Inconsistent facet memory usage

Executing a statistical facet on a long field on a clean index with 10K
items uses 120KB in the field cache, e.g. this gisthttps://gist.github.com/3015553.
That's 12 bytes per long, which seems great.

I have another index with 3.5K items. Doing a statistical facet on a long
field in it uses 1.5mb in the field cache. That's 400 bytes per long, which
seems bad.

They should both be single-valued fields--I'm not getting why it's going so
crazy with memory usage. One possible difference is that the other index
has had lots of inserts, updates, and deletes, if that might affect things.
I've done an optimize on the index, no change on memory usage. What factors
could influence memory usage? Both indexes are on the same ES node with
stock settings for number of shards.

I took some heap dumps and it looks like the difference is that the bad
scenario index has many, many docs in it (not all of the type being
searched) and so the ordinals array is huge.

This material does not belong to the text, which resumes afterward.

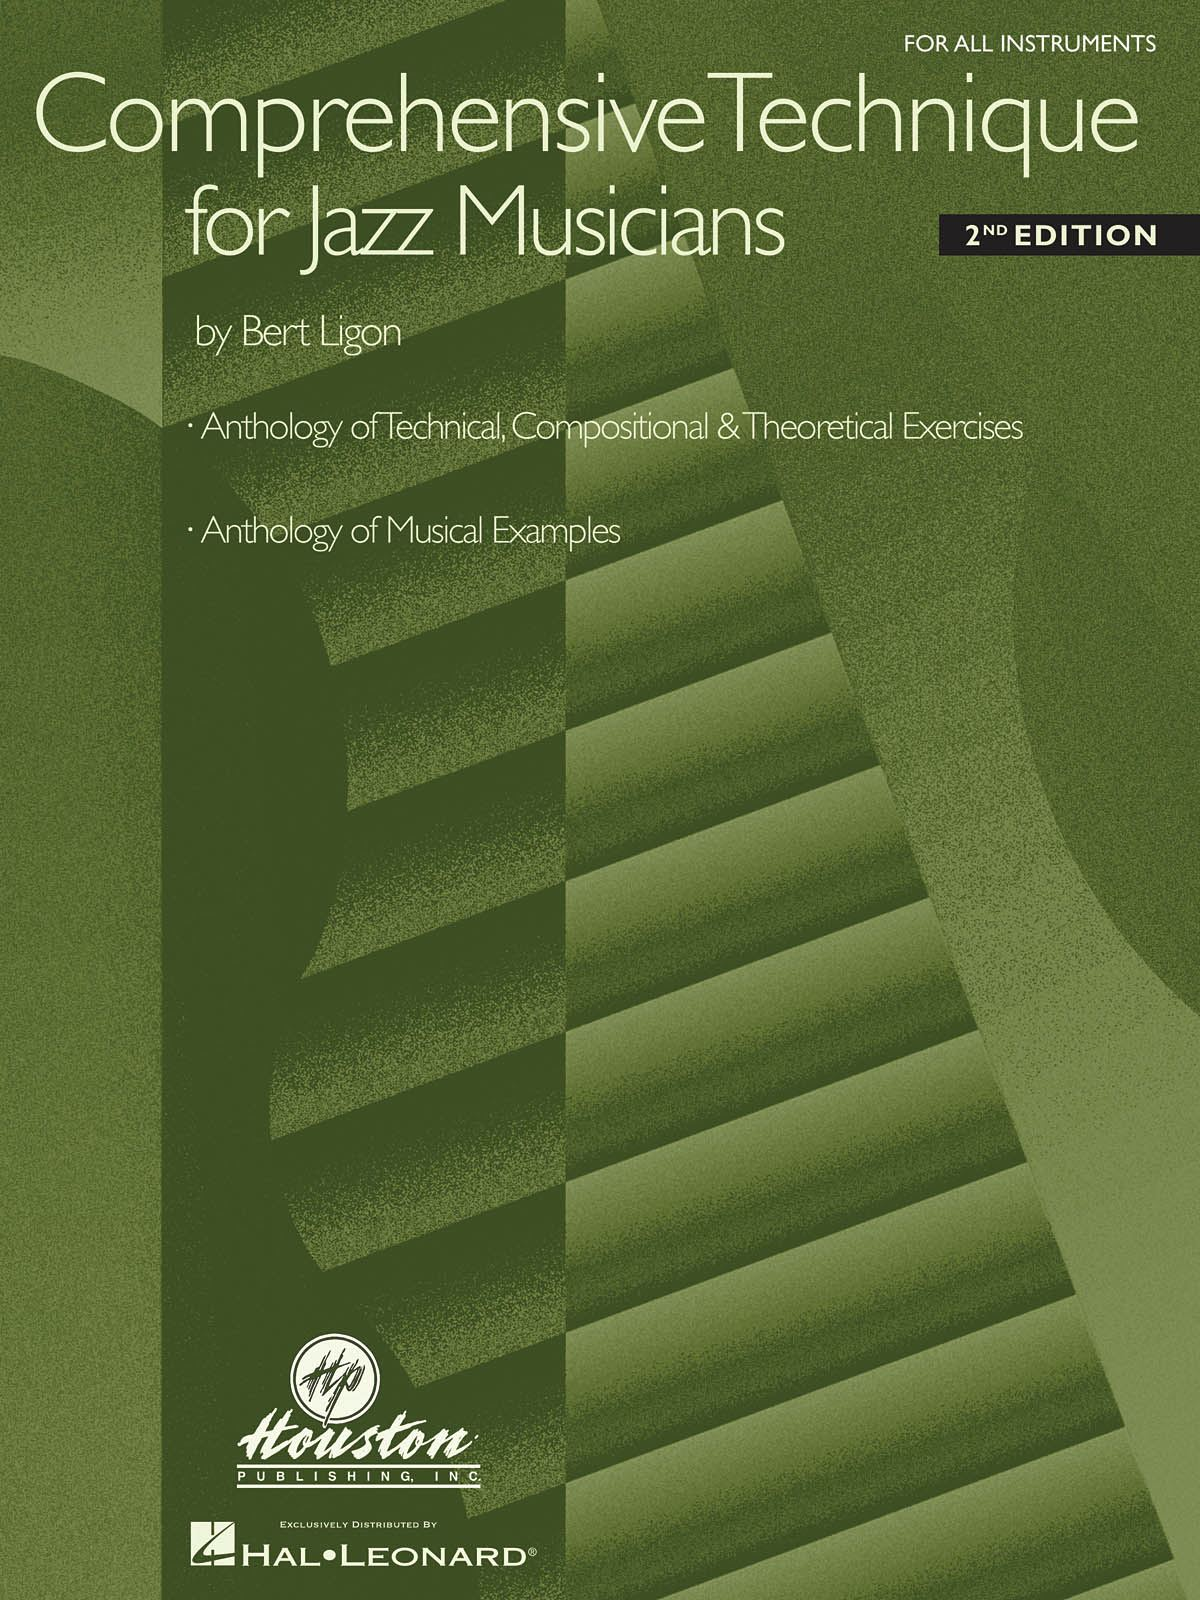 Bert Ligon: Comprehensive Technique For Jazz Musicians-2nd Ed.: Guitar Solo:
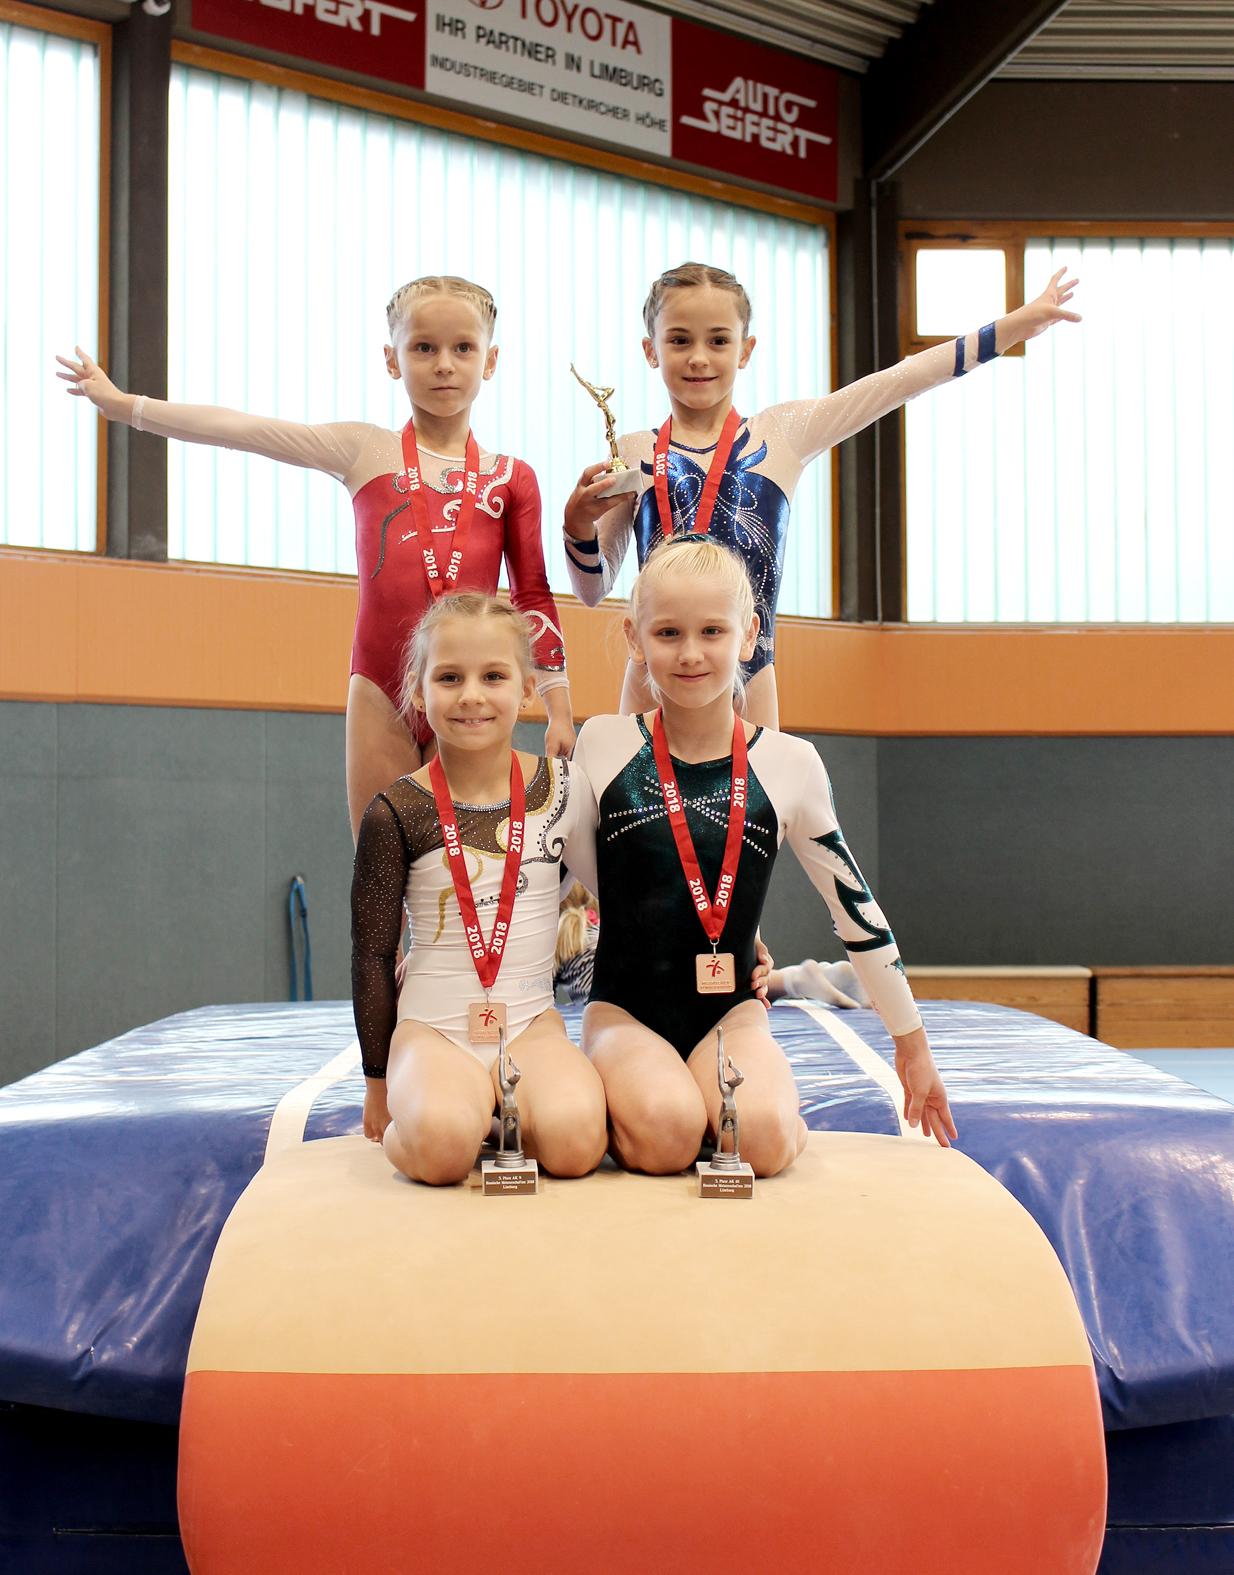 oben von links nach rechts: Svetlana Levitsky AK 8, Marla Leugner-Vilela AK 8 unten von links nach rechts: Anna Belyakova-Zagumennova AK 9, Alva Pedersen AK 10

Good scenario: the SingleValueLongFieldData instances have valuesCache
array about the same size as the ordinals array.
Bad scenario: the SingleValueLongFieldData instances have valuesCache array
of size 21 and an ordinals array of size 45651.

I posted a revised gist https://gist.github.com/3018581 that sets up this
scenario and indeed, the field cache usage to do the same operation is
orders of magnitude more memory intensive.

Is there some way to mitigate this? Can the ordinals array be shared across
multiple FieldDatas? What really screws us is that each facet seems to
build its own ordinals array and retain it in memory, so we're paying 1.5Mb
in per 200KB in field data.

On Thursday, 28 June 2012 23:58:11 UTC-4, Colin Dellow wrote:

Executing a statistical facet on a long field on a clean index with 10K
items uses 120KB in the field cache, e.g. this gisthttps://gist.github.com/3015553.
That's 12 bytes per long, which seems great.

I have another index with 3.5K items. Doing a statistical facet on a long
field in it uses 1.5mb in the field cache. That's 400 bytes per long, which
seems bad.

They should both be single-valued fields--I'm not getting why it's going
so crazy with memory usage. One possible difference is that the other
index has had lots of inserts, updates, and deletes, if that might affect
things. I've done an optimize on the index, no change on memory usage. What
factors could influence memory usage? Both indexes are on the same ES node
with stock settings for number of shards.

Oh, duh -- the ordinals can't be shared across the field datas, but maybe a
mapping from doc Id -> index into a more compact array (of size the # of
docs of that type, rather than of size the # of docs total) could be shared?

On Friday, 29 June 2012 11:25:26 UTC-4, Colin Dellow wrote:

I took some heap dumps and it looks like the difference is that the bad
scenario index has many, many docs in it (not all of the type being
searched) and so the ordinals array is huge.

Good scenario: the SingleValueLongFieldData instances have valuesCache
array about the same size as the ordinals array.
Bad scenario: the SingleValueLongFieldData instances have valuesCache
array of size 21 and an ordinals array of size 45651.

I posted a revised gist https://gist.github.com/3018581 that sets up
this scenario and indeed, the field cache usage to do the same operation is
orders of magnitude more memory intensive.

Is there some way to mitigate this? Can the ordinals array be shared
across multiple FieldDatas? What really screws us is that each facet seems
to build its own ordinals array and retain it in memory, so we're paying
1.5Mb in per 200KB in field data.

On Thursday, 28 June 2012 23:58:11 UTC-4, Colin Dellow wrote:

Executing a statistical facet on a long field on a clean index with 10K
items uses 120KB in the field cache, e.g. this gisthttps://gist.github.com/3015553.
That's 12 bytes per long, which seems great.

I have another index with 3.5K items. Doing a statistical facet on a long
field in it uses 1.5mb in the field cache. That's 400 bytes per long, which
seems bad.

They should both be single-valued fields--I'm not getting why it's going
so crazy with memory usage. One possible difference is that the other
index has had lots of inserts, updates, and deletes, if that might affect
things. I've done an optimize on the index, no change on memory usage. What
factors could influence memory usage? Both indexes are on the same ES node
with stock settings for number of shards.